■ AVAILABLE DATA:
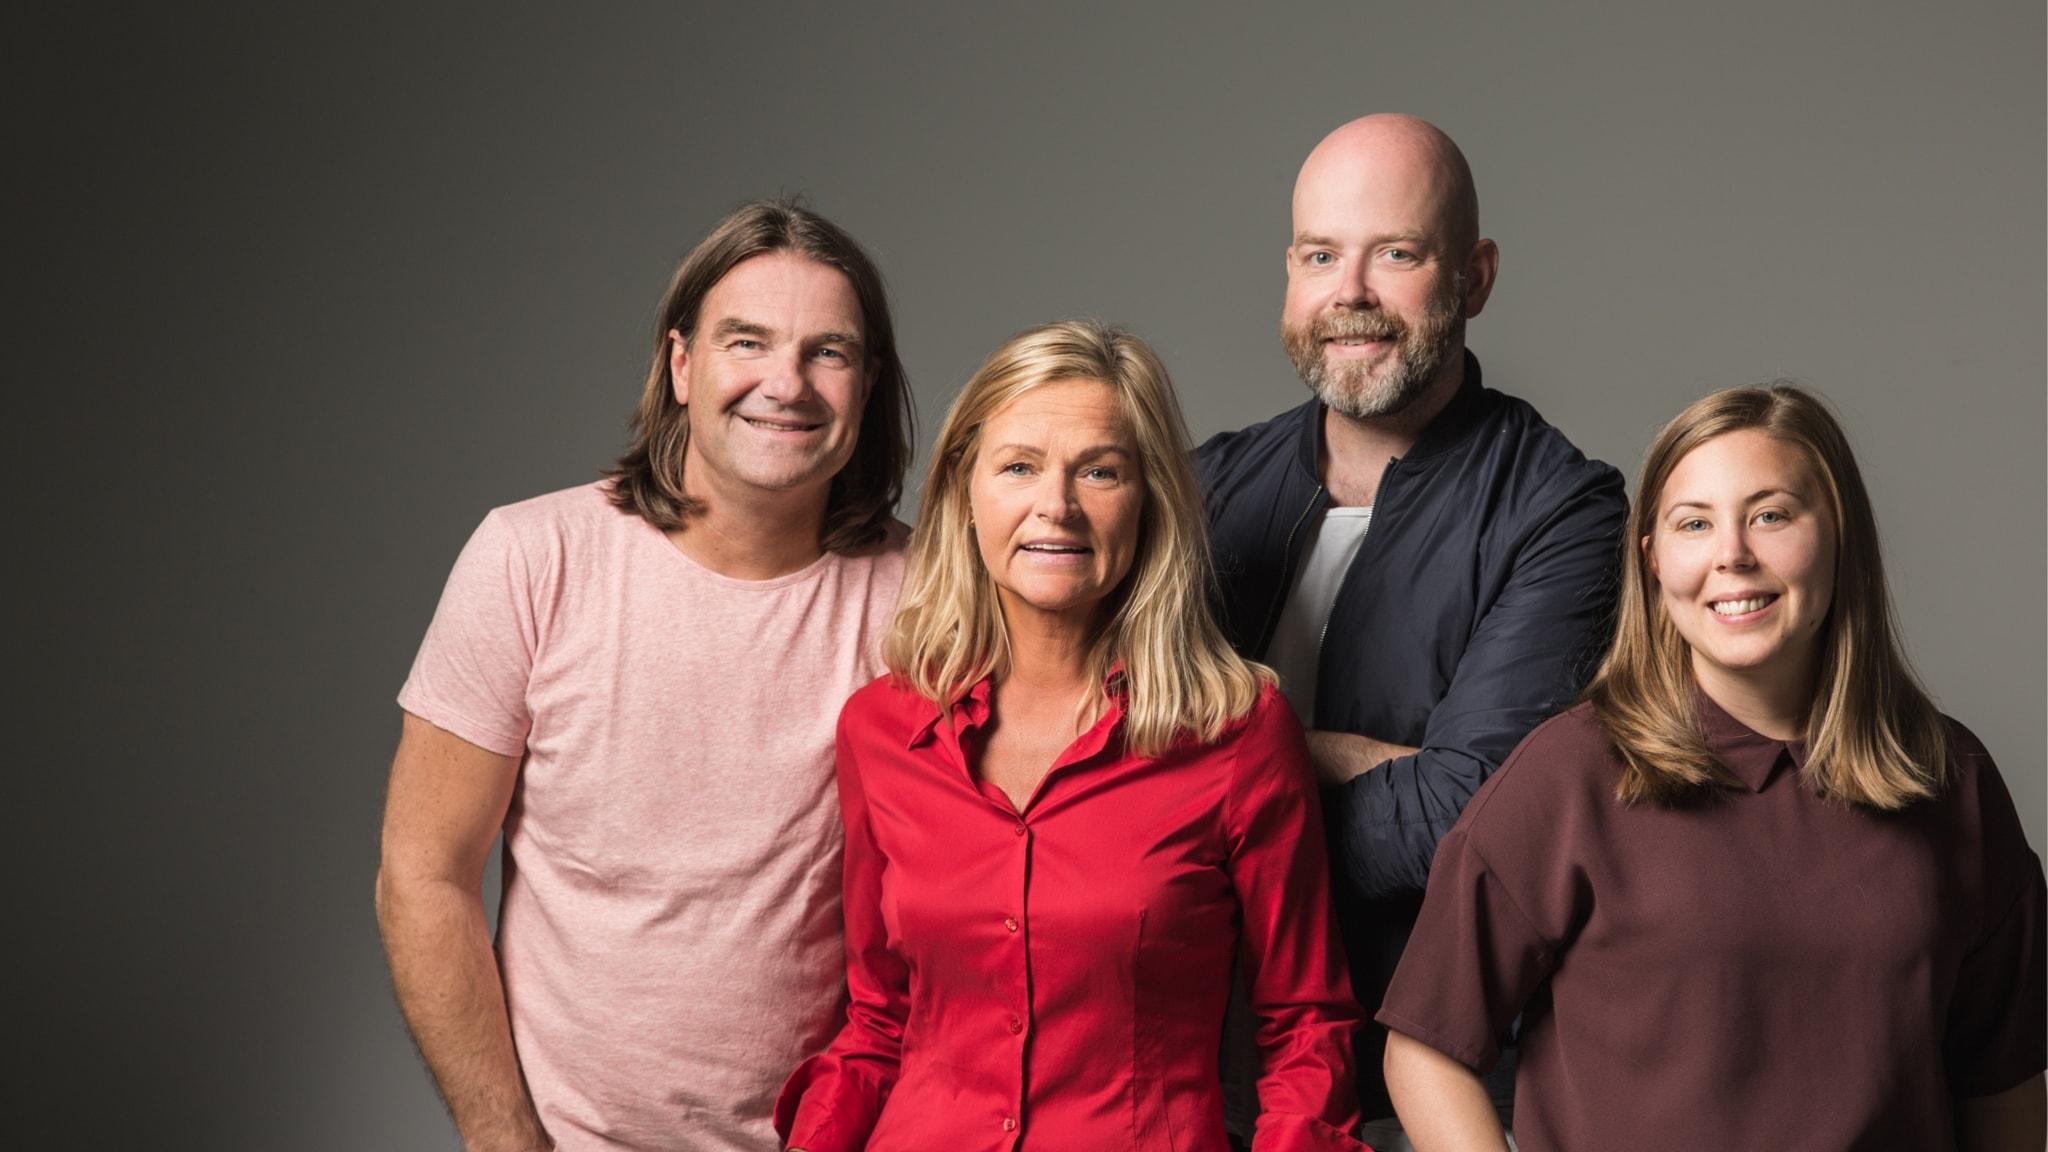 Med Jocke Wallgren, Anne Marchal och Peje Johansson
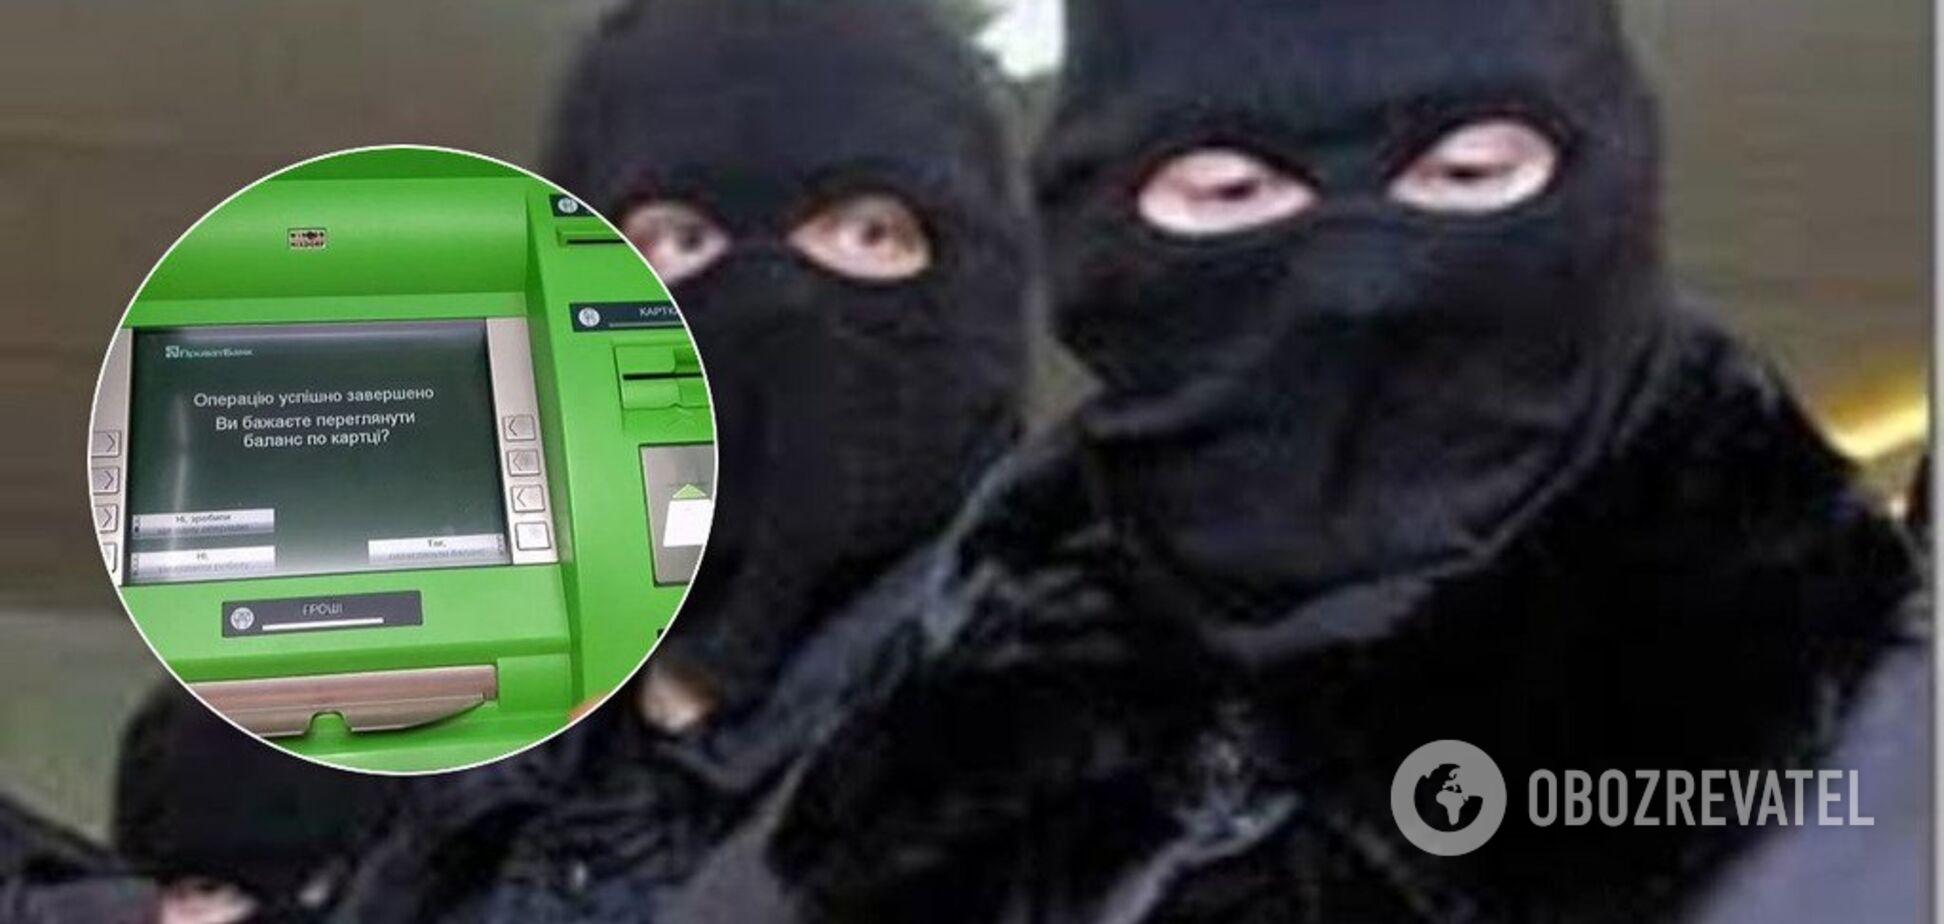 У Києві стався вибух біля банку: поліція почала розшук злочинців
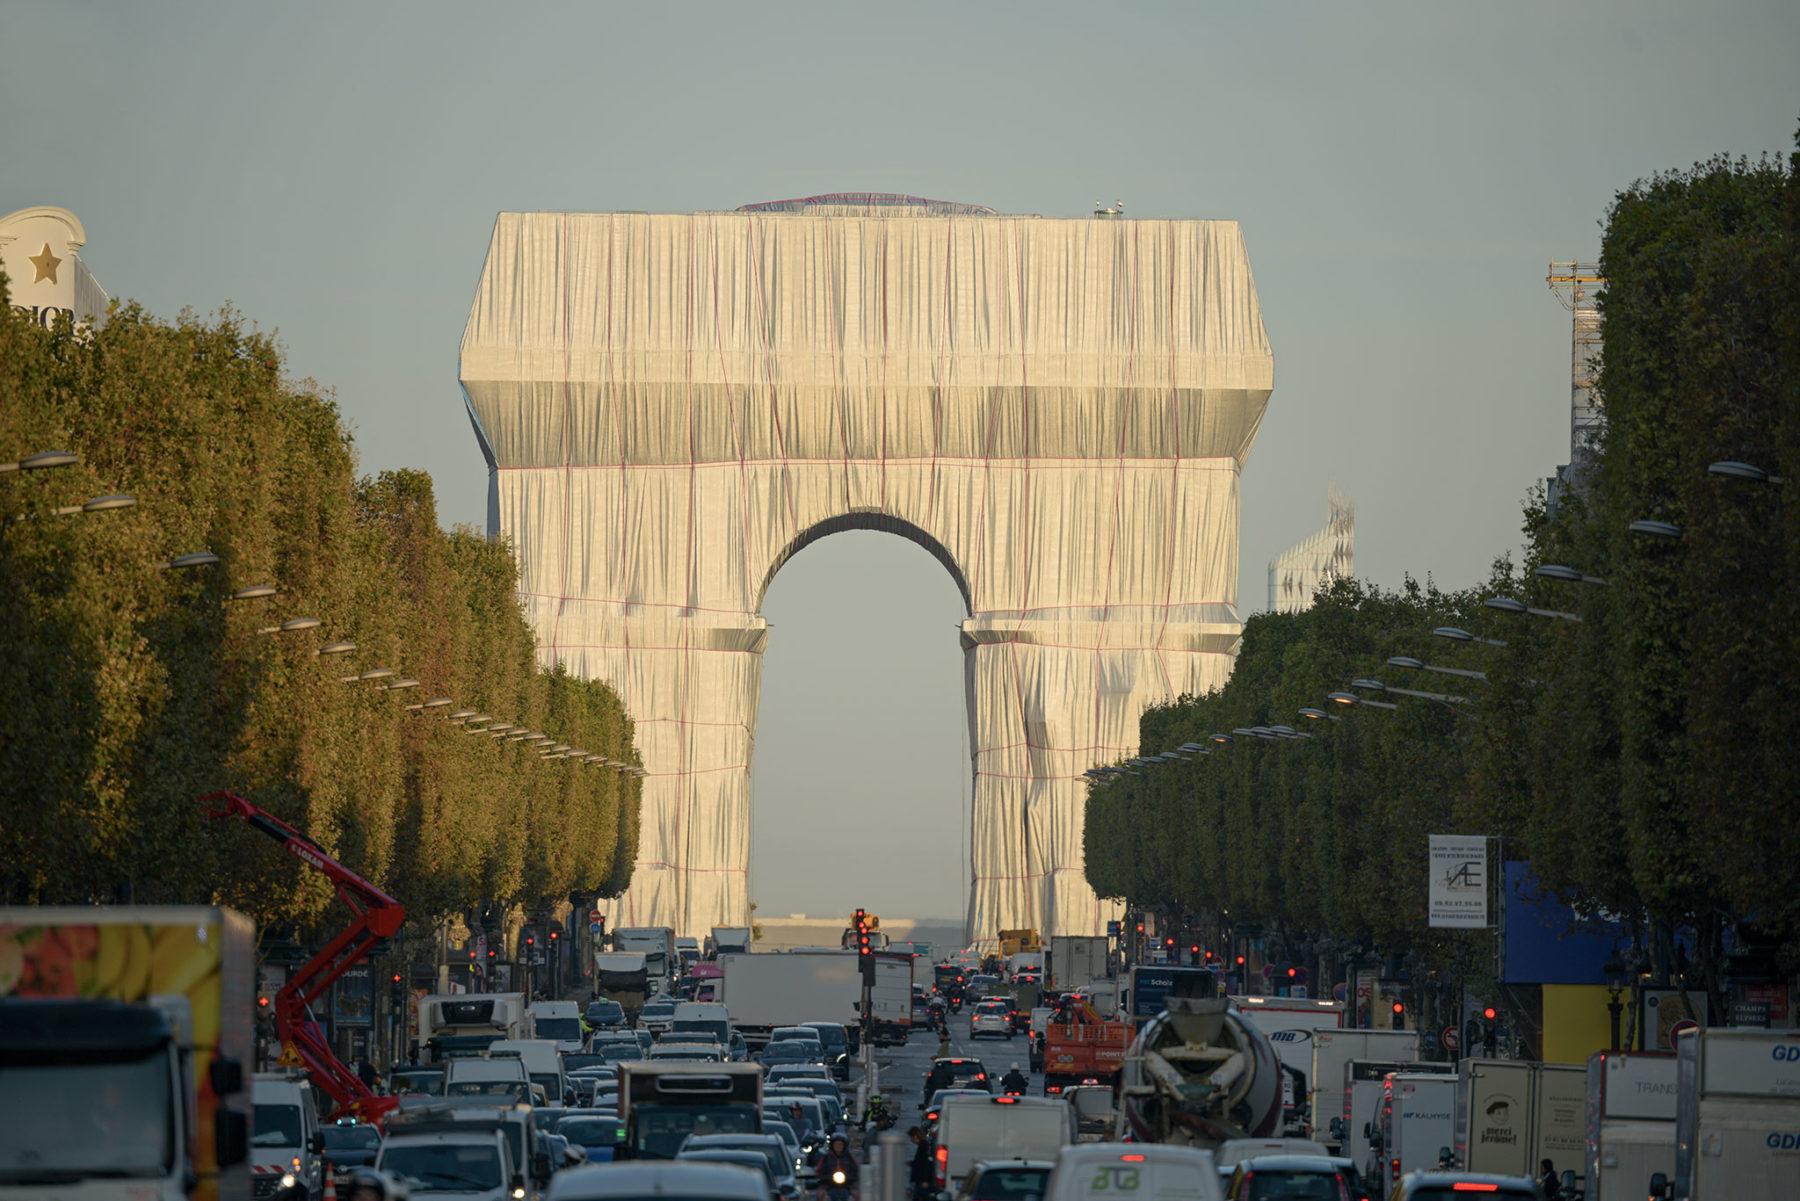 El sueño de Christo: envuelven por completo el Arco del Triunfo en París

■ TASK TO CARRY OUT:
If a line holds a picture, skip the picture and transcribe the rest of the material exactly.

■ SOLUTION TO THE PROBLEM:
 Med Jocke Wallgren, Anne Marchal och Peje Johansson
 У Києві стався вибух біля банку: поліція почала розшук злочинців
 El sueño de Christo: envuelven por completo el Arco del Triunfo en París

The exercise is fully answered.